What is medication management?
Medication management is the evidence-based pharmacotherapy provided alongside psychotherapy across most mental health diagnoses. Effective medication strategy requires expert prescribing, careful monitoring of response and side effects, attention to medication interactions, and integration with the broader treatment plan. It is a clinical process, not a prescription event.
Which conditions benefit from medication management?
Medication is a core component of evidence-based treatment for most psychiatric conditions including major depression, bipolar disorder, schizophrenia and schizoaffective disorder, OCD, anxiety disorders, PTSD, substance use disorders (MAT where indicated), and adult ADHD. For severe presentations, the combination of appropriate medication with evidence-based psychotherapy produces measurably better outcomes than either treatment alone.

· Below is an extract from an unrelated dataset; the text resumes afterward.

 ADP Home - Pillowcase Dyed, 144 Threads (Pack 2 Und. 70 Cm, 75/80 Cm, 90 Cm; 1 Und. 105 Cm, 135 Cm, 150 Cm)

Why does medication strategy differ by diagnosis?
The medication that helps for one condition can destabilize another. Antidepressants alone can trigger mania or rapid cycling in bipolar disorder. Stimulants can worsen anxiety or psychosis. Benzodiazepines can complicate substance use treatment. Effective psychiatric prescribing requires diagnostic clarity, knowledge of the evidence base for each condition, and attention to co-occurring conditions and medication interactions.
What is treatment-resistant depression and how is medication managed?
Treatment-resistant depression is depression that hasn't responded to two or more adequate antidepressant trials at therapeutic doses for adequate duration. Medication strategy for treatment-resistant cases typically includes diagnostic reassessment (including evaluation for bipolar patterns), augmentation strategies (adding a second medication to enhance the first), switching to a different antidepressant class, or considering specialized treatments. Our medical director leads the reassessment and strategy.
Why is residential medication management more effective for complex cases?
Outpatient medication management typically provides a single monthly appointment with limited time to assess response, manage side effects, and adjust strategy. For severe presentations, treatment-resistant cases, post-hospitalization step-down, or complex co-occurring regimens, that frequency is often insufficient. Residential medication management provides daily clinical observation, immediate adjustment when the picture changes, and the structure to support adherence during the most critical phase of treatment.
Will I keep taking my current medications during residential treatment?
Medication decisions are made by our medical director after the comprehensive assessment, in coordination with the individual and the prior outpatient prescriber when possible. In most cases, current medications continue with potential adjustments based on the clinical picture. The goal of residential medication management is optimization, not arbitrary change — the regimen that works at discharge will typically continue at outpatient.
Does Sacramento Mental Health continue medication-assisted treatment for substance use?
Yes, when clinically appropriate. Medication-Assisted Treatment (MAT) — including naltrexone, buprenorphine, and acamprosate — has strong evidence for specific substance use disorders. Our medical director continues clinically appropriate MAT alongside the integrated dual-diagnosis work during residential care, coordinated with outpatient MAT continuation after discharge.
How do I discuss coverage and payment for residential treatment?
Coverage for residential mental health care varies significantly by situation. The clearest first step is a brief conversation with our admissions team — they can walk through coverage and payment options specific to your circumstances. Call (916) 527-9606 to discuss.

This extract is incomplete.